Three little voices cried out, “Here, right here!”

She turned her gaze to the table by the east window, an oasis in the morning sunshine where her houseplants thrived.

“Bless your hearts, don’t you look lovely!” she said to the three little violet plants she’d divided from the overgrown plant from her office. Two had clusters of dark pink blossoms, and the third, the one in the wicker basket, would probably do so soon. “I’m so proud of you,” she said, feeling very satisfied. They were her first attempt, and they’d all survived. “Is there something you need?”

“We’re fine, but some of the other plants don’t look good and we thought you ought to know.”

Anxiously she looked them over. The Christmas cactus that had bloomed so heartily last year was looking peaked and puckery.
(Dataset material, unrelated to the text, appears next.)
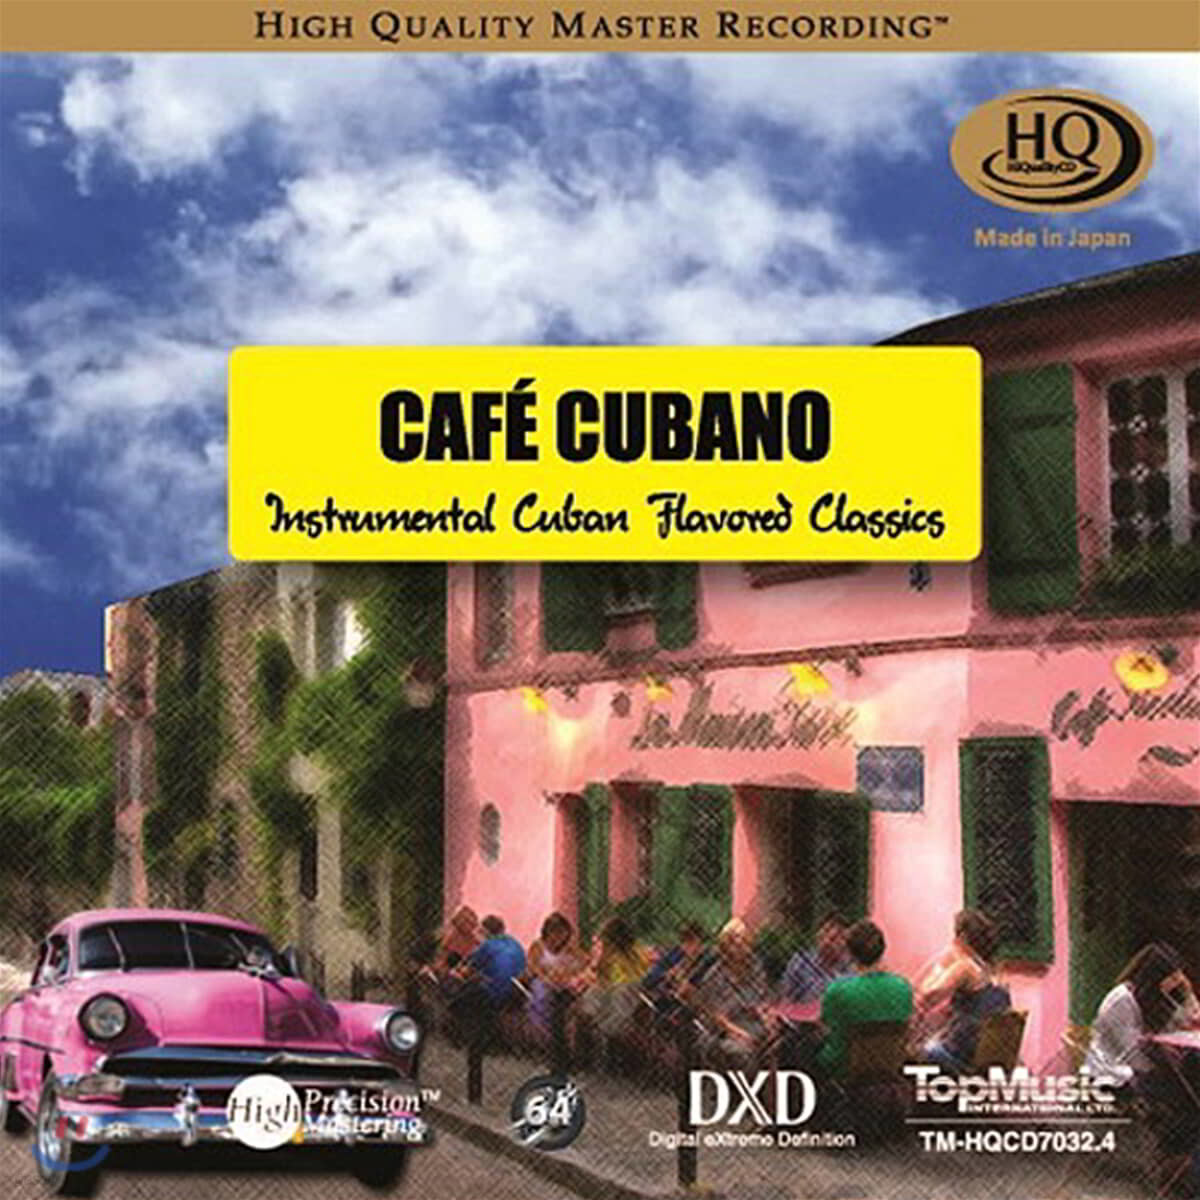 Jeff Steinberg &amp; Friends (제프 스타인버그 앤 프렌즈) - Cafe Cubano

The three cactus plants from New Mexico looked like they hadn’t seen water in years.

“Oh dear, have I neglected you?” she fretted. “You aren’t on the same schedule as the rest of the girls, and I must have forgotten you!” She hurried to the kitchen for her watering can.

After giving the succulents their good drinks, she turned her attention to the hoya which she’d recently tamed. Its branches had shot out over the lamp and through the shade, down to the floor and up toward the ceiling. And now, for the first time in over six years in this new house, it had a cluster of buds, small porcelain berries that would open into velvety, chocolate smelling flowers. “Oh, look,” she said with glee, “you’re going to have flowers!” She couldn’t have sounded happier if she’d heard she was going to be a grandmother again.

Humming to herself, she glanced at her notepad and headed to the broom closet. "A list makes everything so much easier," she said, "especially when I can count on my house to cooperate." The violets nodded.